The main libraries and document archives are digitizing their collections. Most of them are scanning the documents and publishing the resulting images without their corresponding transcriptions. This limits seriously the document exploitation possibilities. The problem is even more serious when taking into account ancient documents, both printed (especially from the 15ht to 17th centuries) and handwritten. The commercial OCR systems offer poor performance on these kinds of documents. When the transcription is absolutely necessary, the transcription is performed manually by experts, which is a very expensive and error-prone task. Having appropriate tools, such a specialized OCR systems and handwritten recognition engines, would be very helpful to preserve, study and publish the cultural legacy.
We intend to improve the existing printed and handwritten text recognition systems with engines that allow specialized recognition for ancient document while enabling adaptation to particularities of each book or period and learning new glyphs, new lexicons, new language models… Even with these expected improvements, the results of an all automatic recognition will not be perfect. Obtaining transcriptions to the level of required quality demands the intervention of human experts to review and correct the resulting text. It is extremely useful to provide interactive tools to obtain and edit the transcription. The expert user may introduce text by writing it directly on the screen where the error is seen with the help of an stylus sensitive device. The on-line handwritten text and gestures input can feed an interactive loop between the handwritten system and be exploited in a multimodal, combined recognition system.

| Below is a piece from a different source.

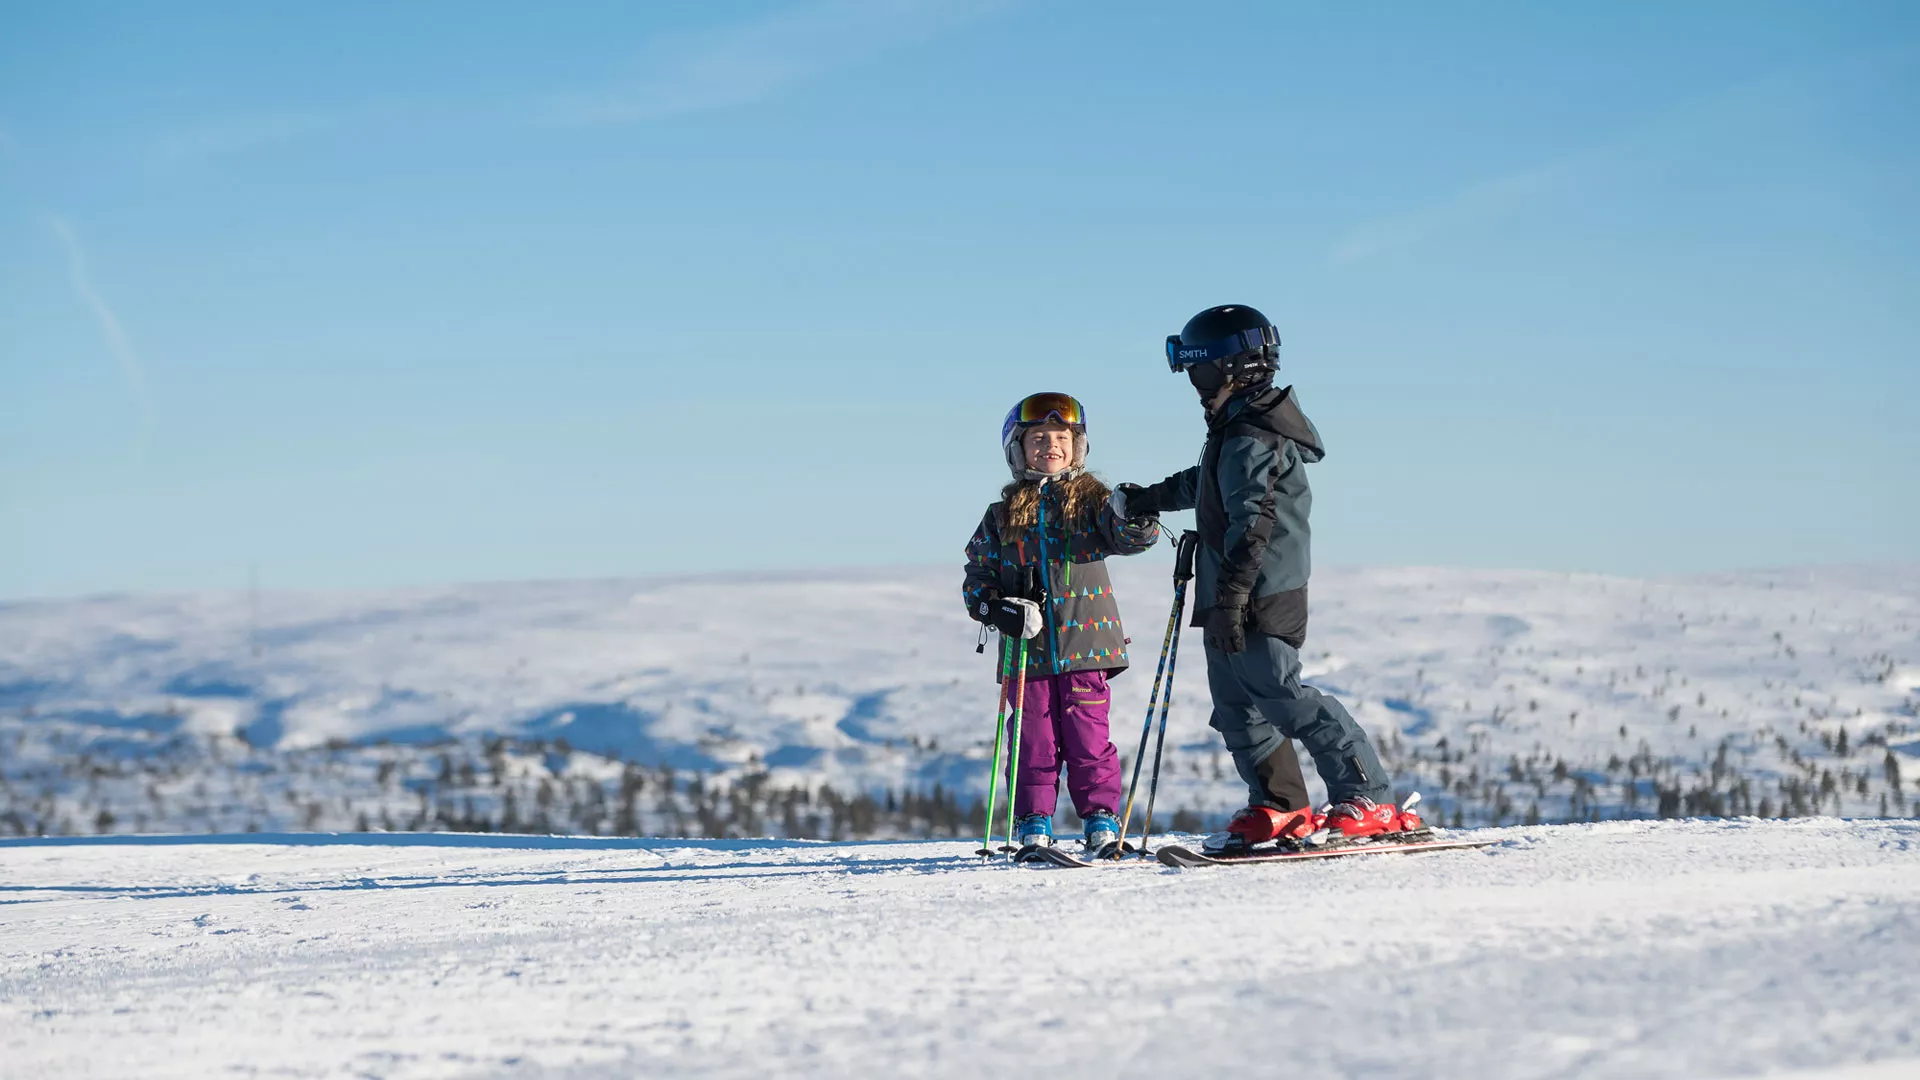 SkiStar Salen in Sweden, Europe | Snowboarding,Skiing - Rated 0.8

The HITITA project seeks to reduce the problem on two fronts: through the development of uni and bi-modal recognition engines that can be adapted to the peculiarities of these documents (both printed and handwritten texts), and by extending an existing tool with a multimodal interface that reduces the effort necessary to correct transcription errors. The project involves the construction of a working system that extends one already available. In order to achieve these goals, we rely on close collaboration from historians and document archive institutions. Since the current best recognition systems for on-line handwritten characters and continuous off-line handwritten text have been developed by our group, we expect to maintain leadership in this field and to ease technology transference actions.